Sunday, May 6, 2012

Random Page Cost Revisited

Because the planner has limited information about the host system PostgreSQL is running on, we offer several planner configuration variables, which can be set either dynamically or in the postgresql.conf file.  One of these, which has been a source of much contention in the past, is Random Page Cost (or random_page_cost, hereafter RPC).  For the last couple of years RPC was not a variable you needed to worry about, but now, thanks to advances in storage technology, it's become one of the essential parameters again.

Random Page Cost is meant to represent the coefficient between the cost of looking up one row (out of many) via sequential reads, vs. the cost of looking up a single row individually using random access (disk seeks).  This factor strongly influences the planner's decisions to use indexes vs. table scan, and composite vs. simple indexes, in executing queries.

For many generations of spinning hard drives, this ratio remained about the same, around 4.0. 

Things have changed recently though.  In fact, there are five now-common types of storage where you want to change RPC in order to match a different scan/seek ratio for different hardware.

1. High-End NAS/SAN: when working well, your large storage box combines a large volatile cache with many many disks, improving the number of concurrent seeks you can do.  However, if storage is not direct-attach, you usually have limited throughput.  This means that a random_page_cost of 2.5 or 3.0 is more appropriate.

2. Amazon EBS and Heroku:  EBS, especially when "RAIDed", is an extreme example of the NAS/SAN case.  Seeks are fast with virtually unlimited concurrency, while storage bandwitdh is erratic and slow, limiting full table scans.  As such, we often use a random_page_cost of 1.1 to 2.0.

3. Bad SANs: the advent of iSCSI seems to have inspired a large variety of very poor-performing inexpensive storage units, such as the lower-end Dell Equallogics and various SATA-based Promise units.  These boxes are cheaper for a reason, folks!  Anyway, their quirks often give these boxes unique performance characteristics which strongly affect database access and prompt you to modify planner parameters.  For example, we discovered through testing that one Promise box had decent throughput, but seek rates slower than a single drive due to a combination of architecture and driver issues.  As such, we set RPC to 6.0.  You'll have to trust the results of bonnie++ and fio in order to figure out where you should set things, though; each inferior unit is inferior in a different way.

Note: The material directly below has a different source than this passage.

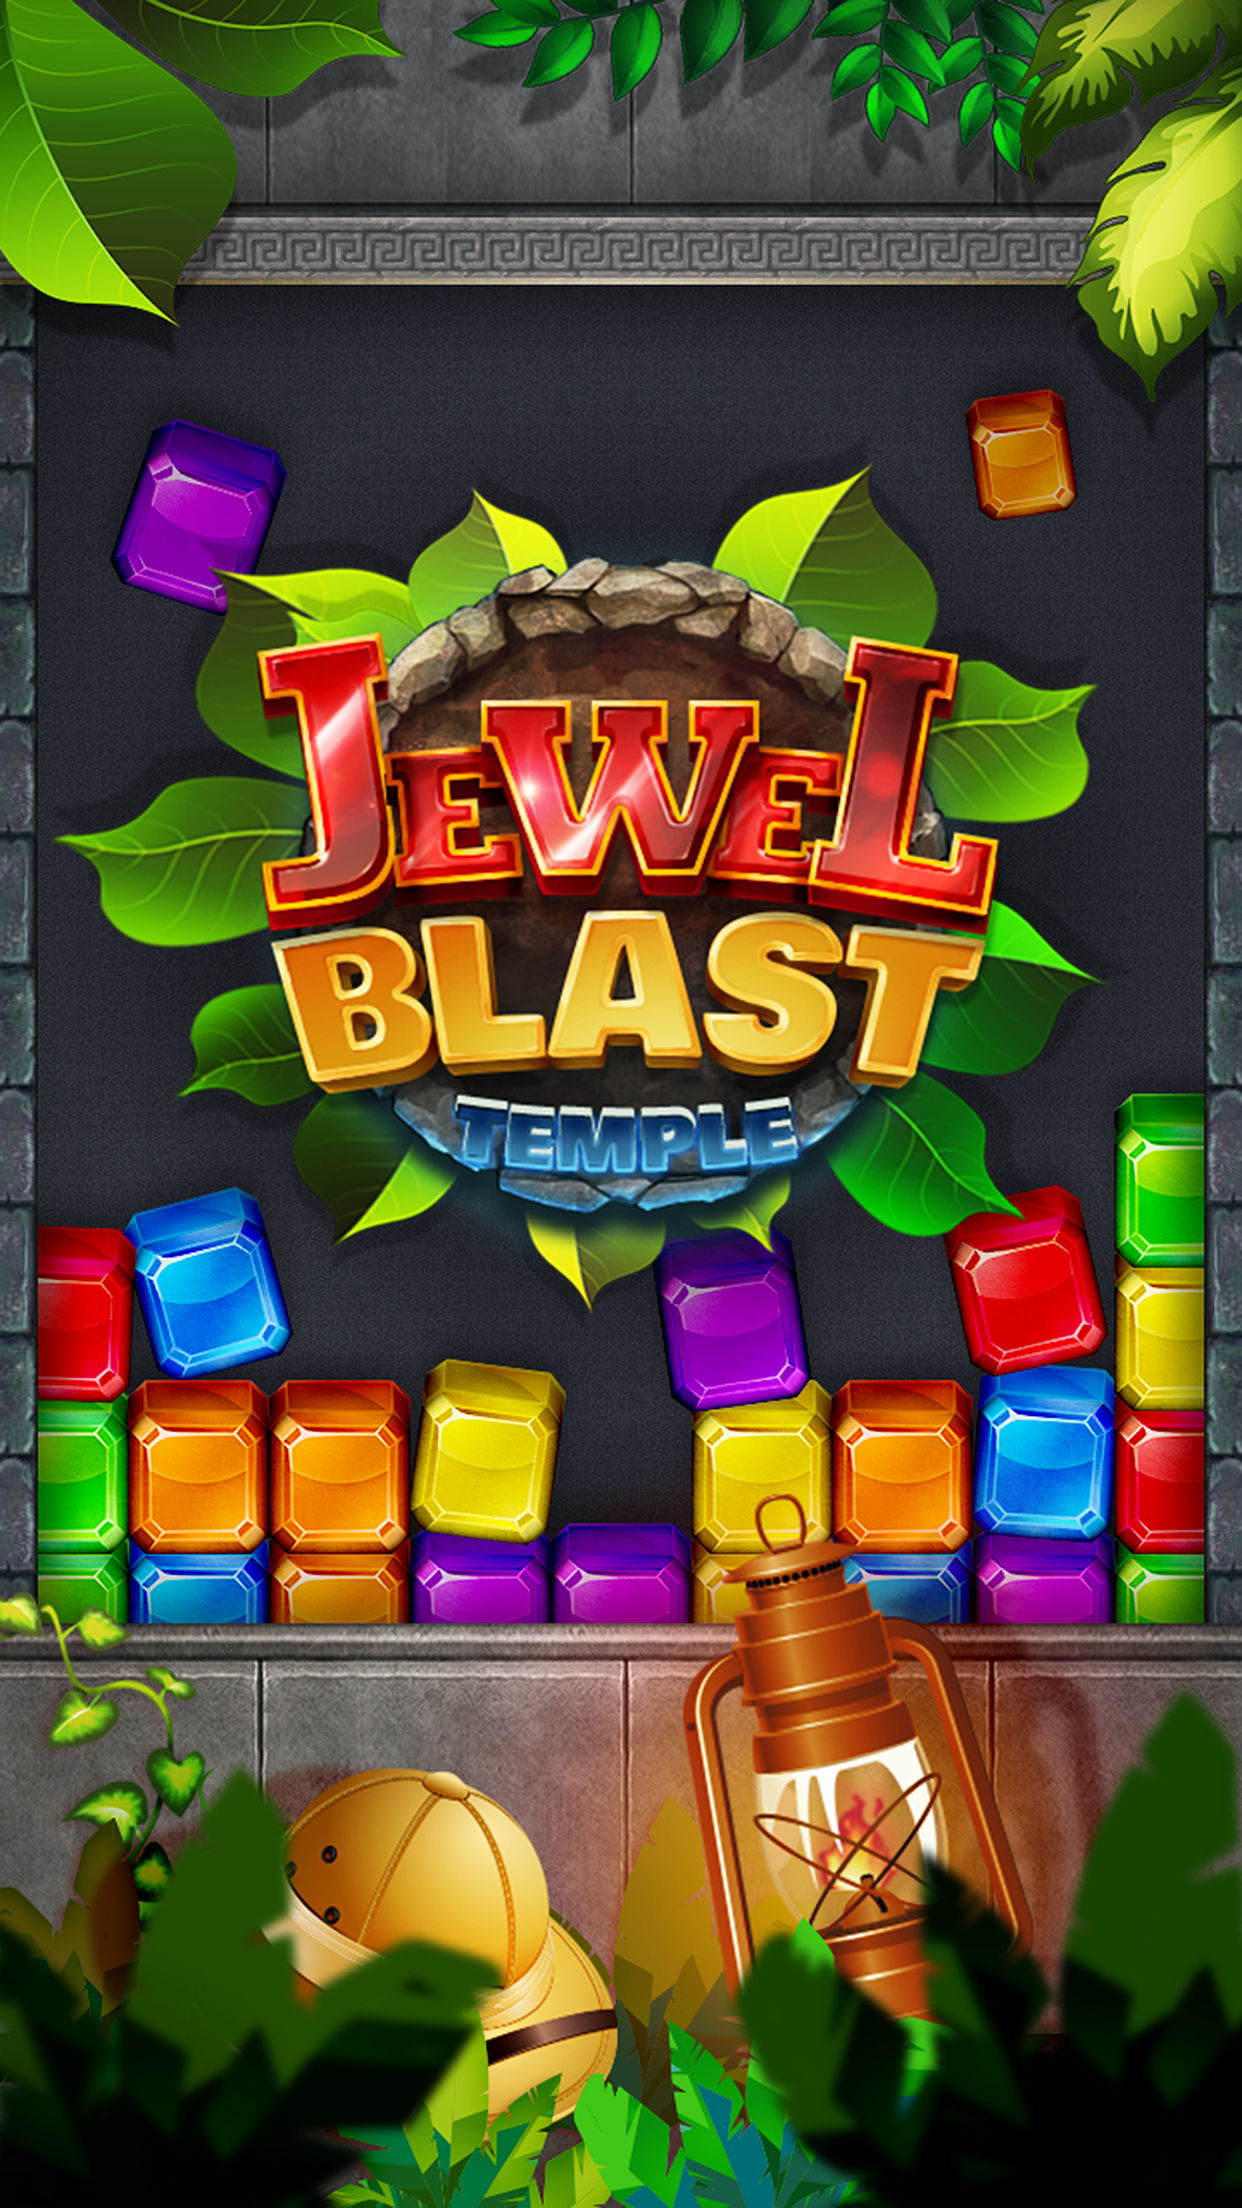 Jewel Blast : Temple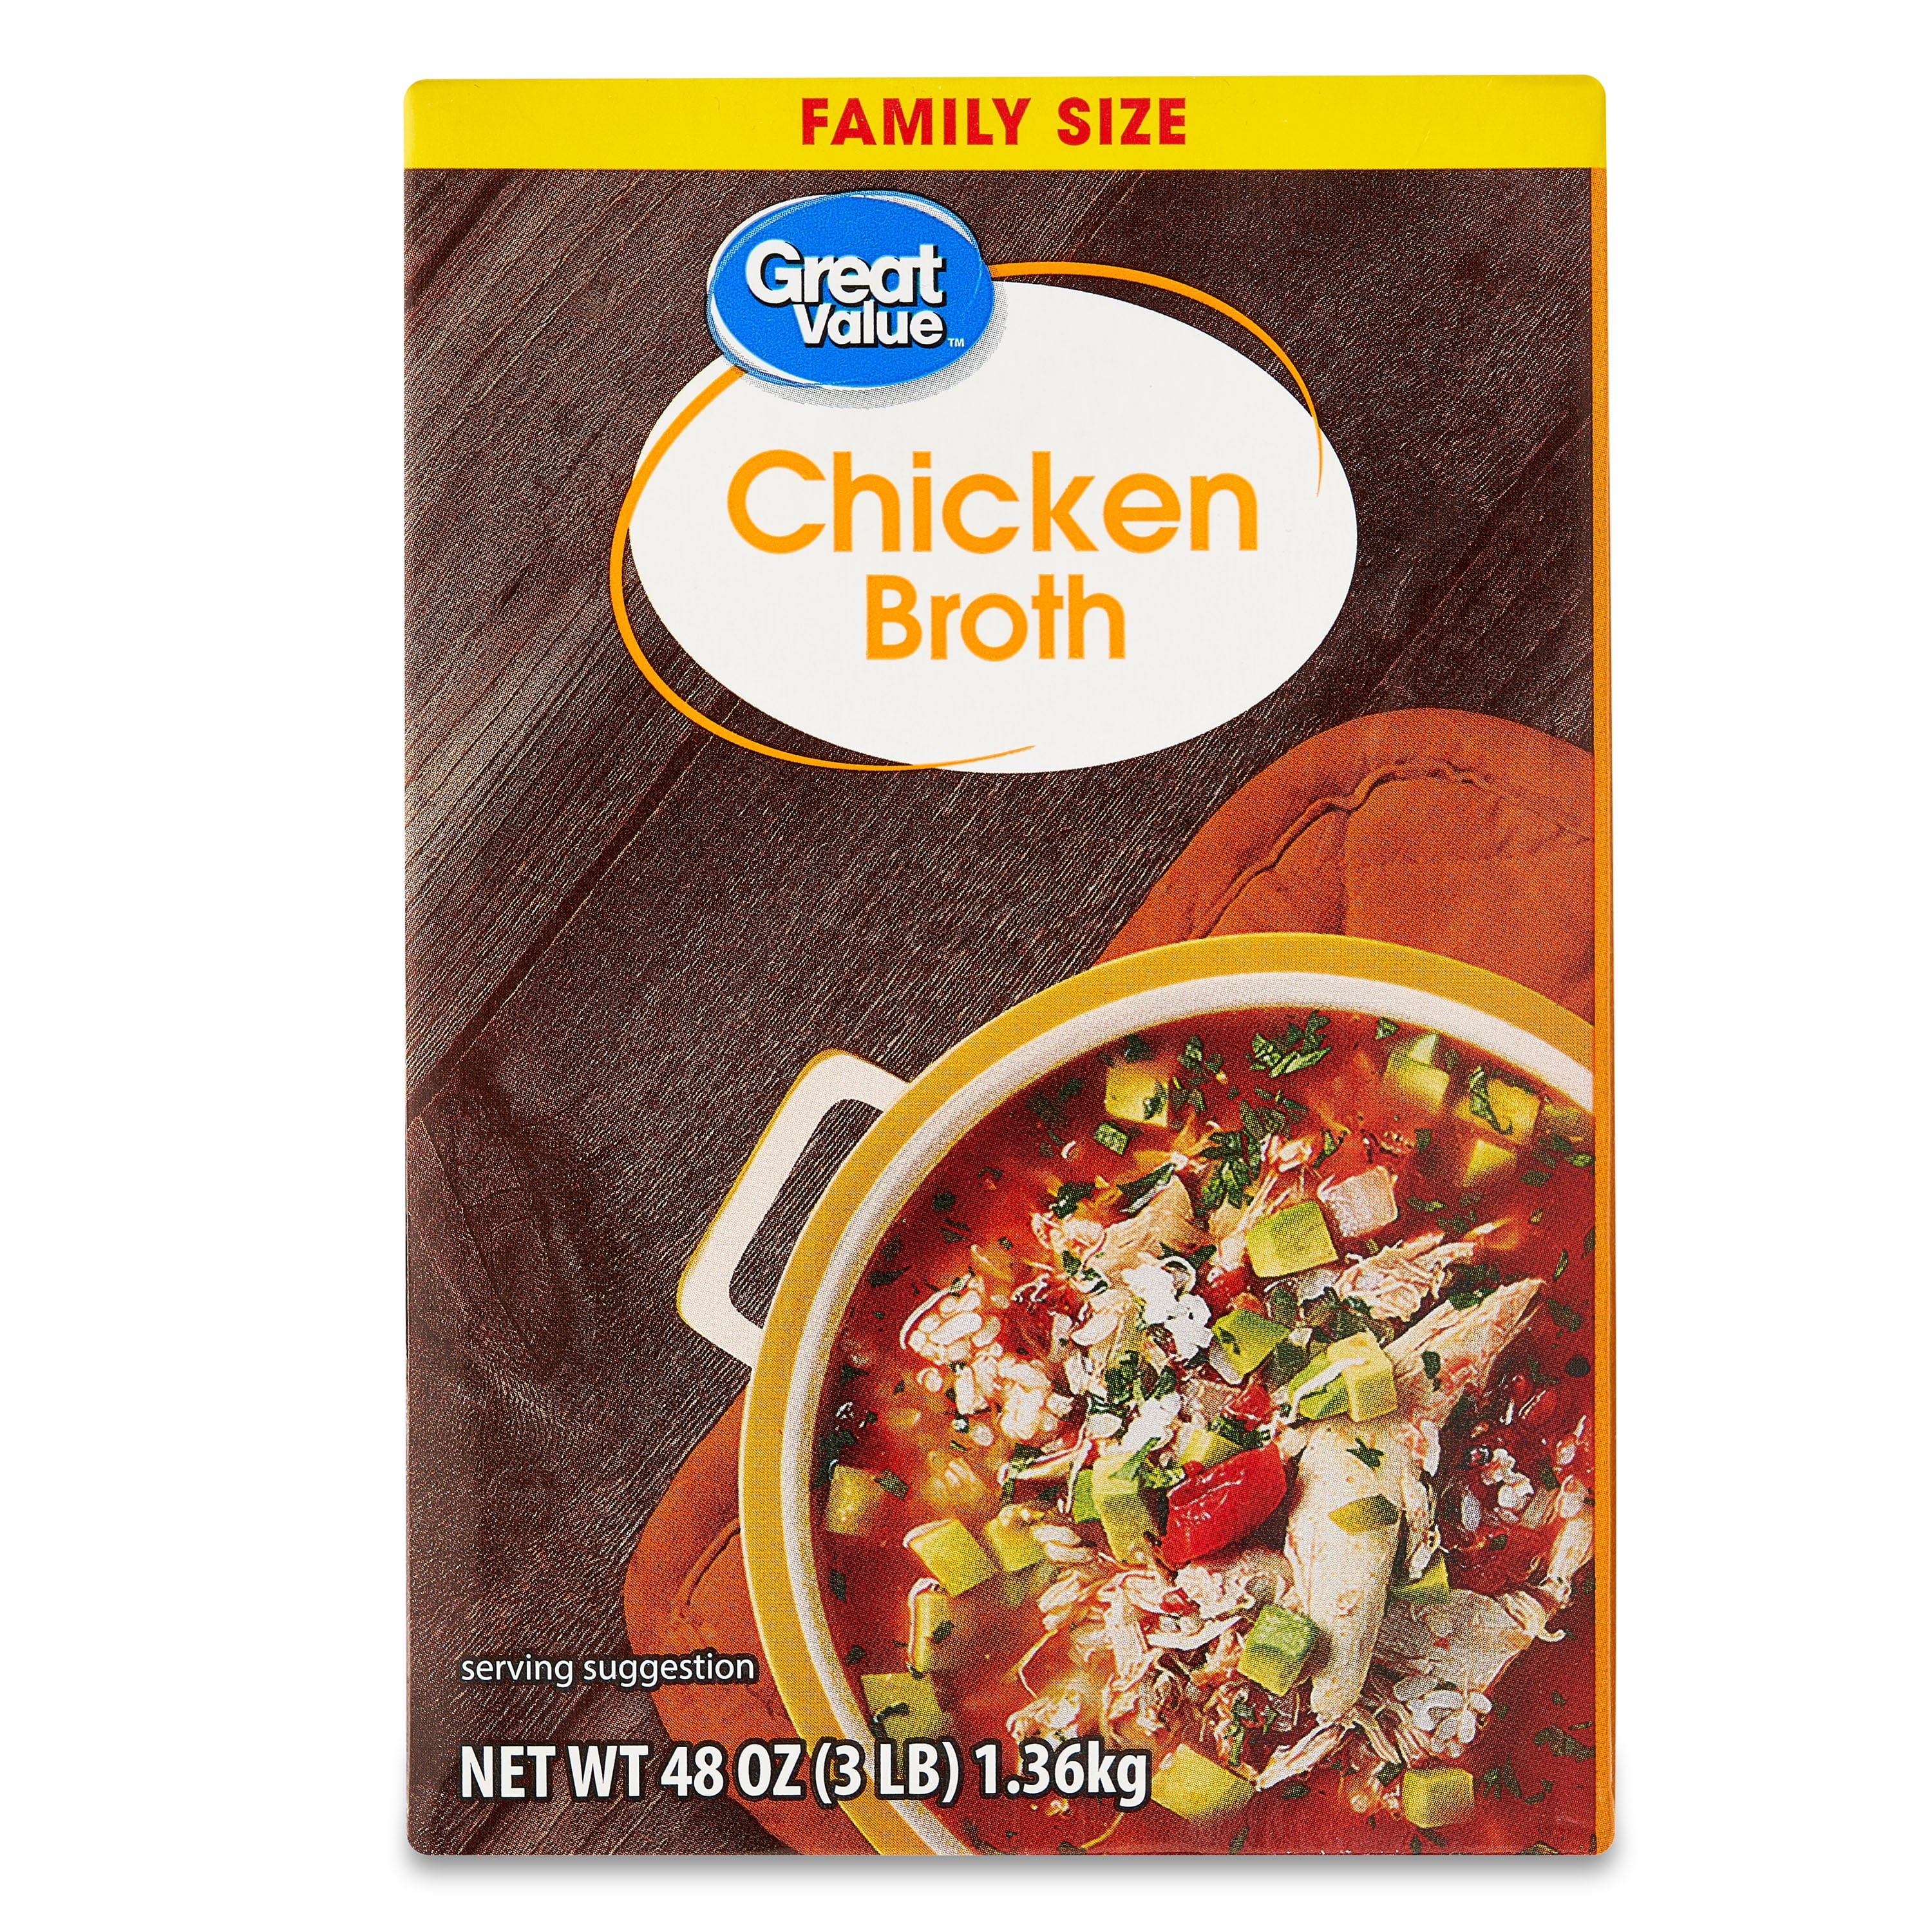 Great Value Chicken Broth, 48 oz

4. SSDs: in general, SSDs have not lived up to their early hype for performance; random writes and sequential scans on most SSDs are only incrementally better than on HDDs.  One area where SSDs shine, though, is random page access; a good array of SSDs can make even large index scans faster than sequential scans.  Therefore, use a random_page_cost of 1.5 to 2.5.

5. NvRAM (or NAND): durable memory, such as FusionIO and Virident drives, do deliver on most of the performance promises originally made about SSDs.  Everything is faster, sometimes orders of magnitude faster, than HDDs, most of all random access.  While the concept of NvRAM might make you inclined to set RPC to 1, forcing almost 100% index access, that's going a little far because PostgreSQL still has a disk page structure.  Therefore, I suggest 1.0 to 1.5.

Note that two other variables, effective_cache_size and effective_io_concurrency also affect seek/scan behavior.  Possibly I will blog about them at a different time.  Further, I have only been able to test with relatively few models and configurations of the above types of storage, so test, monitor and check your results before committing to a long-term configuration change.


  1. Hi, interesting article.

    But there is one question in my mind. What if i have a server with some database vm's (xen3.2.1), for example 20 databases which all use the same SSD raid beneath.
    Should I take care of this and choose a higher random_page_cost?


    1. I don't see that being on a VM makes any difference. Yes, shared IO makes throughput slower, but it also makes seeks less frequent due to concurrency issues.

  2. I have often found it necessary to set random_page_cost and seq_page_cost less than 1.0 when the data set is fully cached, a scenario that is becoming increasingly common with the very large system memories now available.

    1. If you have to set RPC to less than 1.0 in order to get reasonable behavior, then we have a bug in our planner math. 1.0 should mean "seeks are exactly as fast as scans", which they aren't, even in RAM.

      I was under the impression that changing seq_page_cost was pretty much just a cosmetic thing for your explain plans.

  3. "each inferior unit is inferior in a different way"

    The quotable Berkus...